Their favorite food source, though, just might be the Sassard family compound in Mount Pleasant, South Carolina. The Sassards—Dupre, his wife, Gertrude, their son, Allen, and daughter-in-law Dayna—have been pickling foods (okra, ramps, peaches, Jerusalem artichokes) and preserving (figs, pumpkin chips, berries) since Dupre's late mother, Edna, began the business in the small white clapboard house in 1917. Matt fondly recalls the customer who ordered "four of everything the Sassards produce and had it shipped to her castle in Scotland."
It was the brothers who spurred the family to bottle the syrup left over from the making of fig preserves. The Lees are currently trying to persuade the Sassards to make a watermelon rind preserve and to pickle figs. "They are a lot of trouble," says Mrs. Sassard with a sigh, referring to the figs, and suggesting, with a smile, that she could be talking about the Lees as well.

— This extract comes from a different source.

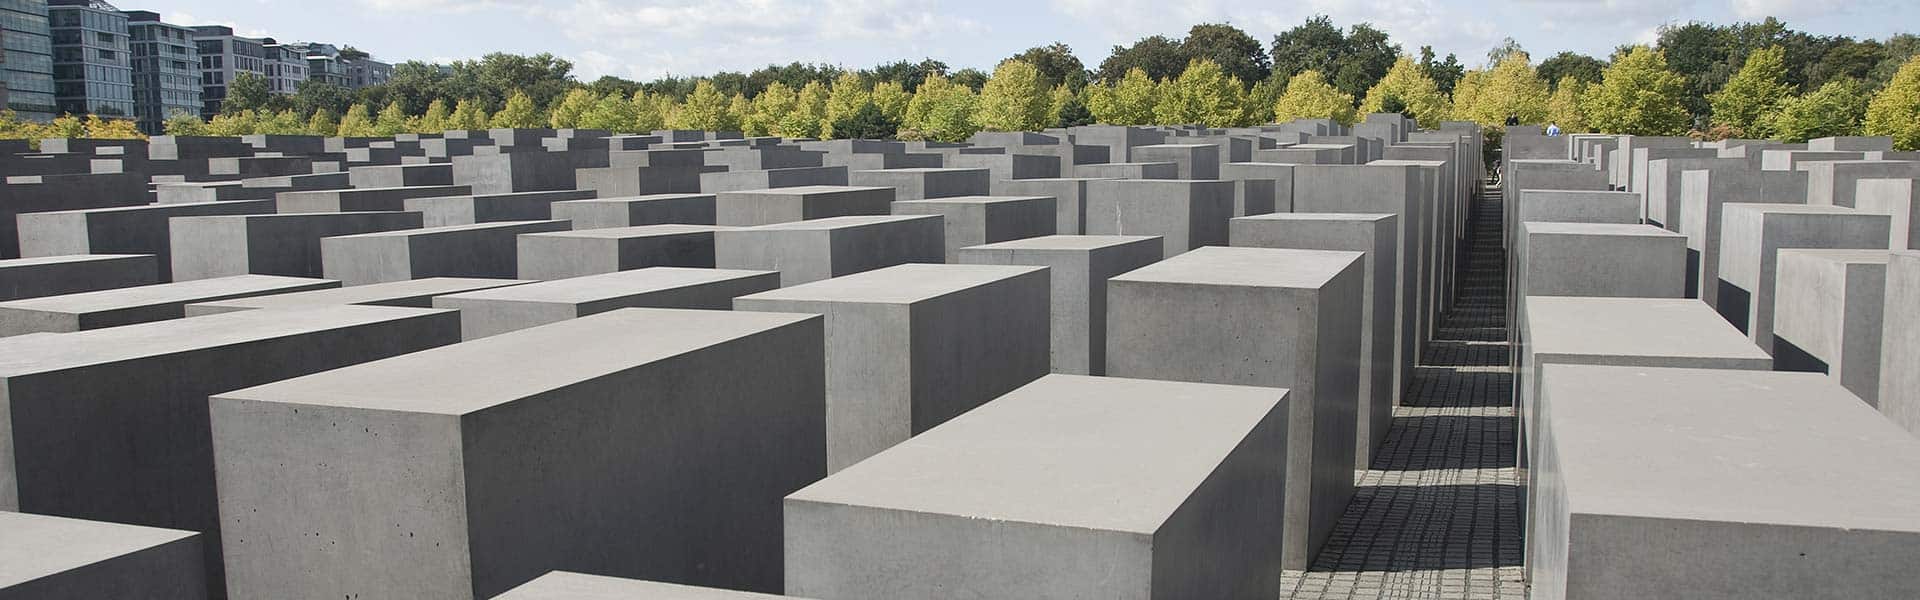 Mahnen, um nicht zu vergessen: Das Holocaust-Mahnmal in Berlin

High on the brothers' wish list is a pig farmer who still feeds his animals chestnuts (to produce tasty country hams) and a maker of scuppernong preserves. "Scuppernongs are these big, jammy grapes with thick, tough skins," explains Matt. "We always used to eat them on the way to the beach, and throw the skins on the floor of the car." "There's an idea," says Ted. "Maybe we should do a catalog offering only foods we throw on the floor of the car."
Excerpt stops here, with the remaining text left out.